Questione nodale diventa, pertanto, la delega. In un rapporto di partenariato la delega dovrebbe essere frutto della condivisione degli obiettivi e di un rapporto paritetico nella stesura del piano di intervento, pur riconoscendo le funzioni peculiari del soggetto proponente (soprattutto a livello di investimenti) e di quello beneficiario. Il rischio della delega in Bielorussia, tralasciando l’aspetto speculativo nei confronti dei finanziamenti, è lo stravolgimento o l’indirizzo del progetto verso settori congeniali all’ambito di intervento di ogni singolo partner, a scapito delle finalità originarie e generali. Per questo la delega deve essere il risultato di un processo fiduciario che, date le attuali condizioni in Bielorussia, necessita di tempi lunghi, di accordi di collaborazione consolidati e sperimentati e, soprattutto, deve contare (come già accennato) sulla maggior presenza locale del proponente. Al proponente spetta non solo il ruolo di un controllo attivo, seppur indirizzato con ostinazione e perseveranza verso una reciproca fiducia, ma quello, soprattutto, di non farsi coinvolgere dai meccanismi perversi della cooperazione, quali l’ineludibilità del percorso già avviato, i finanziamenti già assegnati, la credibilità investita ed assegnata, la necessità ed opportunità di non ammettere fallimenti. Il mantenimento dei ruoli di parte ( quello del proponente e quello del beneficiario ) che assicurino solo una visibilità esterna del progetto ed il mantenimento delle posizioni acquisite, ha causato il fallimento di molti progetti di cooperazione, nonché spreco di denaro. A lungo termine è più devastante dei benefici che si vorrebbero apportare con il progetto. Né, tantomeno, regge la scusa dell’emergenza a giustificare in ogni caso la necessità di ogni tipo d’intervento. Un conto sono gli aiuti indifferenziati, diverso è l’intervento in ambito di cooperazione. In Bielorussia l’emergenza iniziale è da tempo superata: quando l’emergenza iniziale finisce, inizia il tempo dello sviluppo, non solo economico, ma umano e sociale.
Se queste condizioni vengono, nel tempo, a mancare, bisogna (dopo averle tentate tutte) sapersi fermare (o meglio, sostare), senza percepire ciò come senso di sconfitta, ma con la consapevolezza di evitare false idee di sviluppo: con la speranza che il patrimonio investito abbia, nel frattempo, lasciato semi sotterranei e con la fiducia che essi possano germogliare riproponendo migliori condizioni di intervento.

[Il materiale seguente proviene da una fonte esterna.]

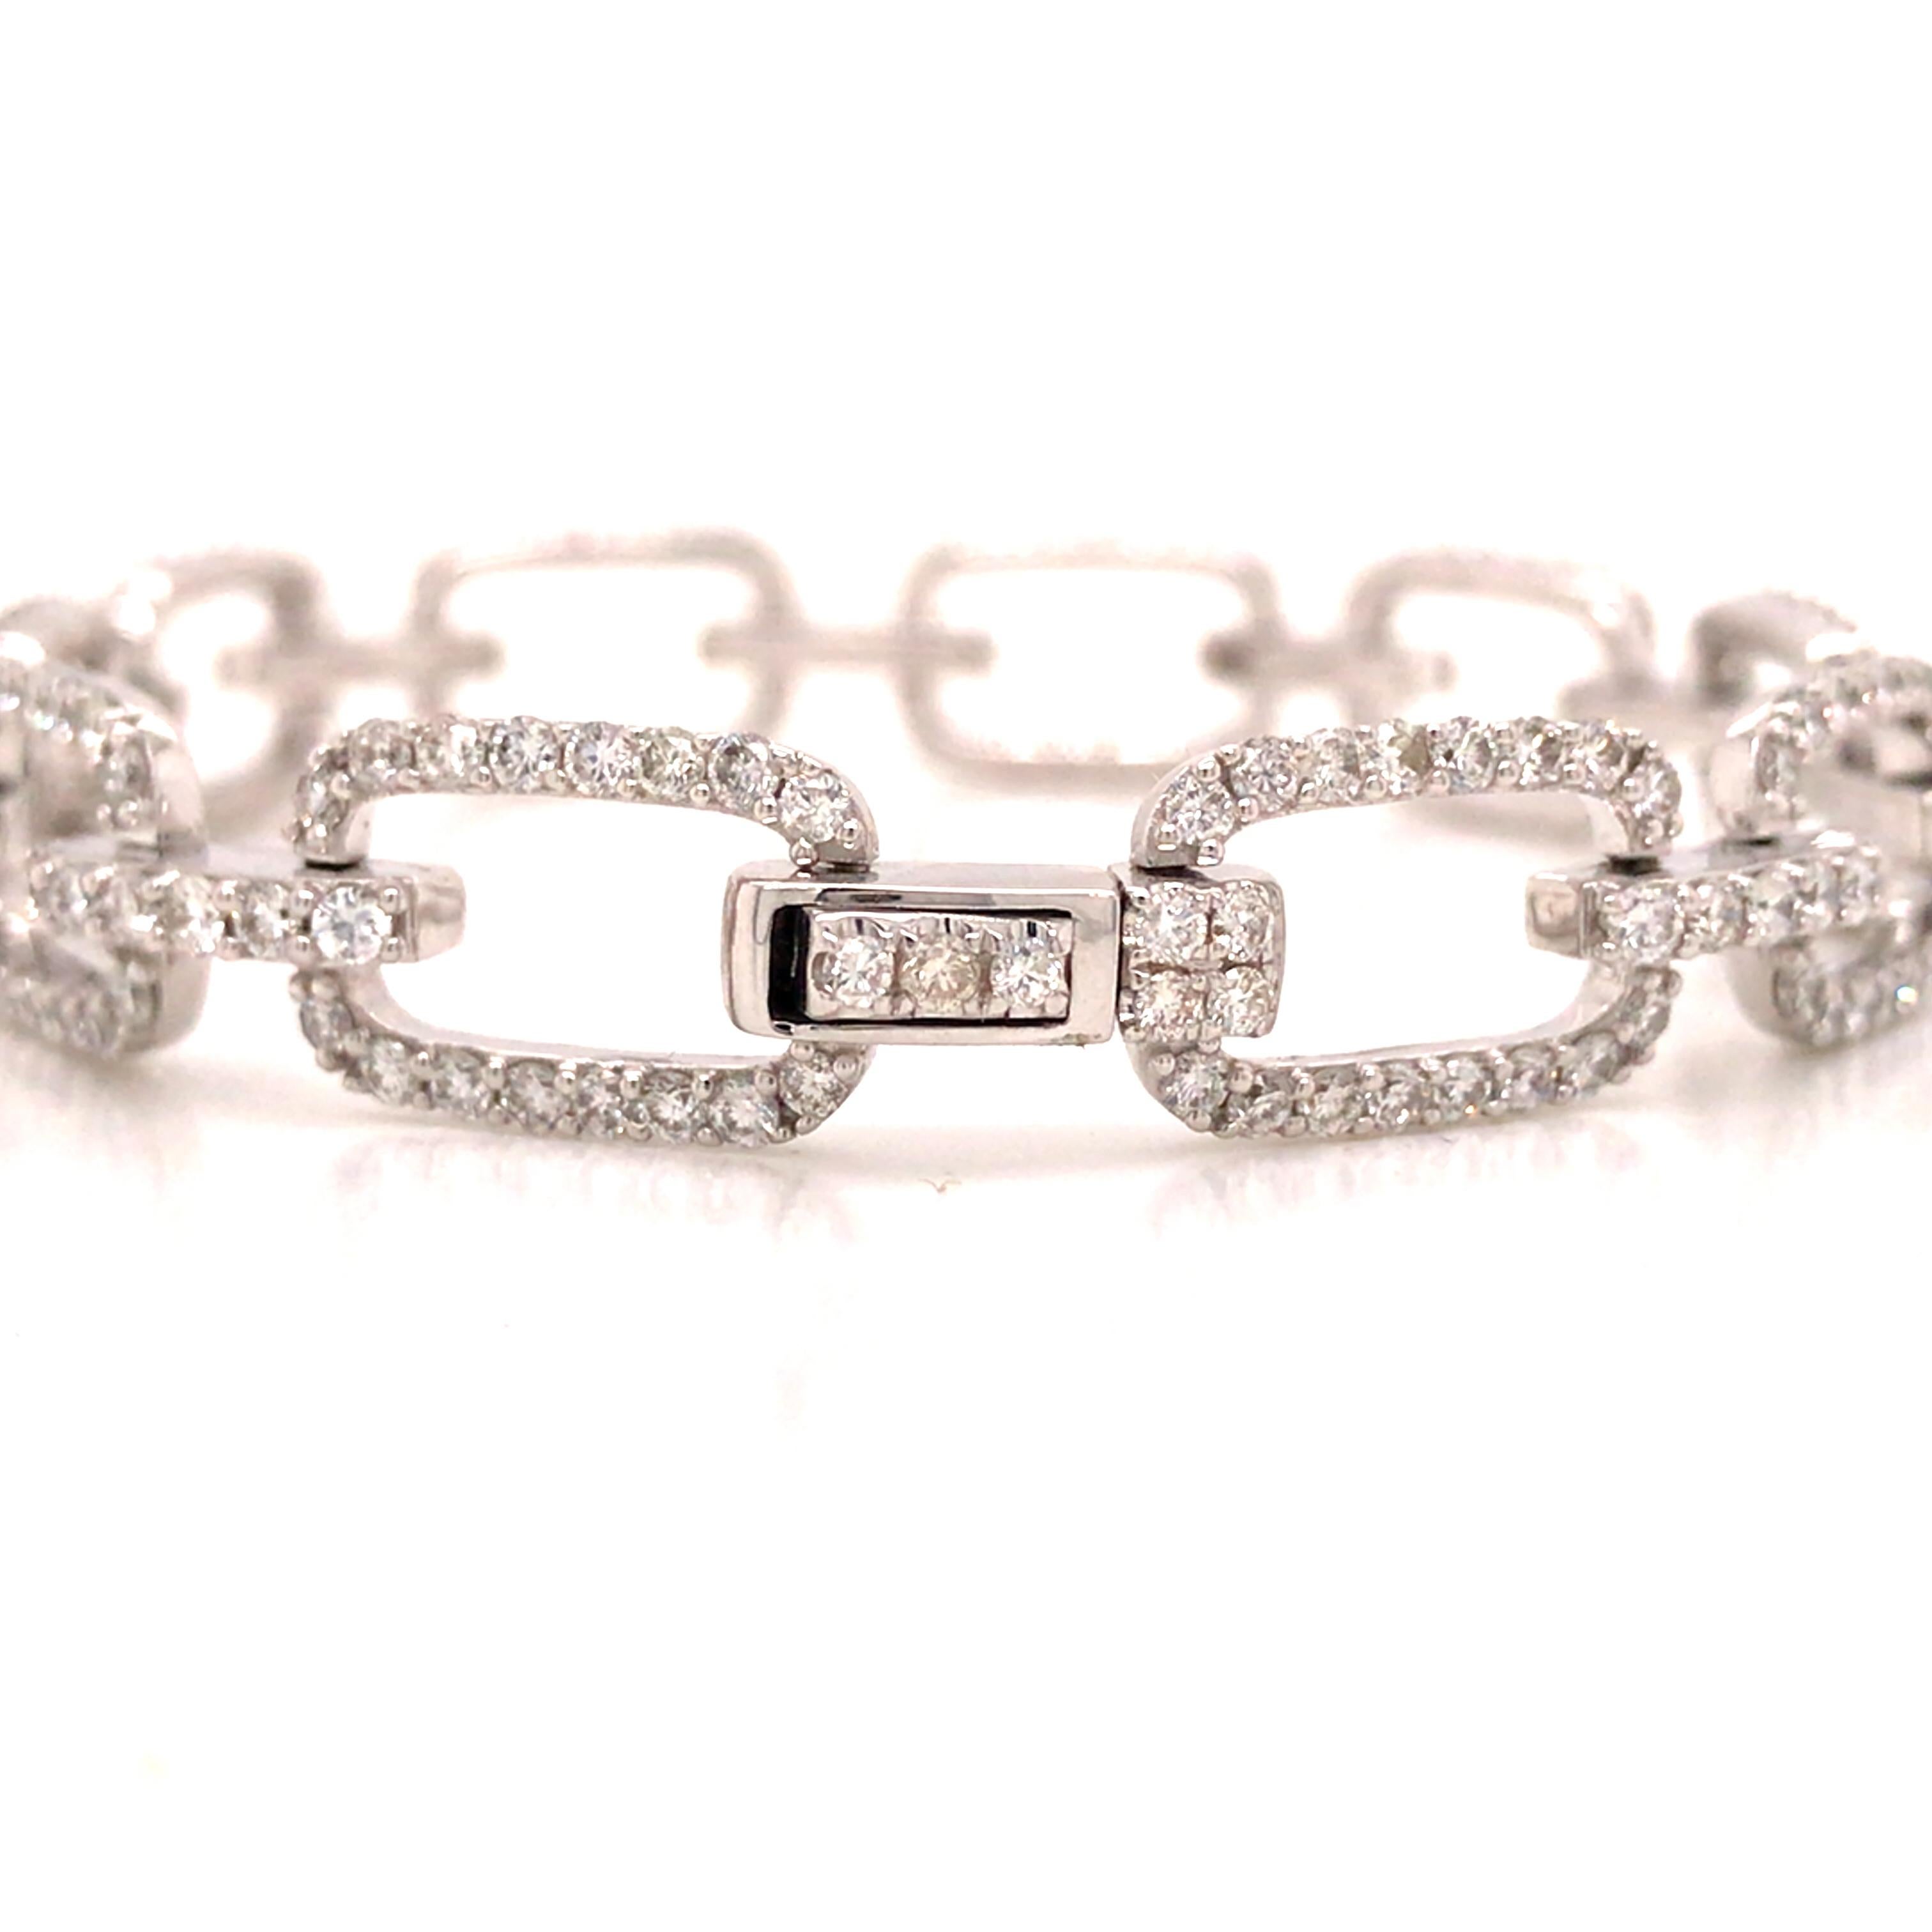 18K Diamond Link Bracelet White Gold In New Condition For Sale In Boca Raton, FL

Queste considerazioni non devono permeare di pessimismo gli interventi, anzi rafforzare l’ottimismo dell’ostinazione, della perseveranza e la capacità della mediazione razionale e rigorosa con l’intento di affiancare il cuore e la testa nel medesimo percorso.
Ma, nonostante tutto ed oltre alle varie ipotesi congetturali ed agli strumenti di cui ci si vuol dotare, è importante, soprattutto, uscire da un’ottica pregiudiziale: bisogna accettare per capire e non capire per giudicare.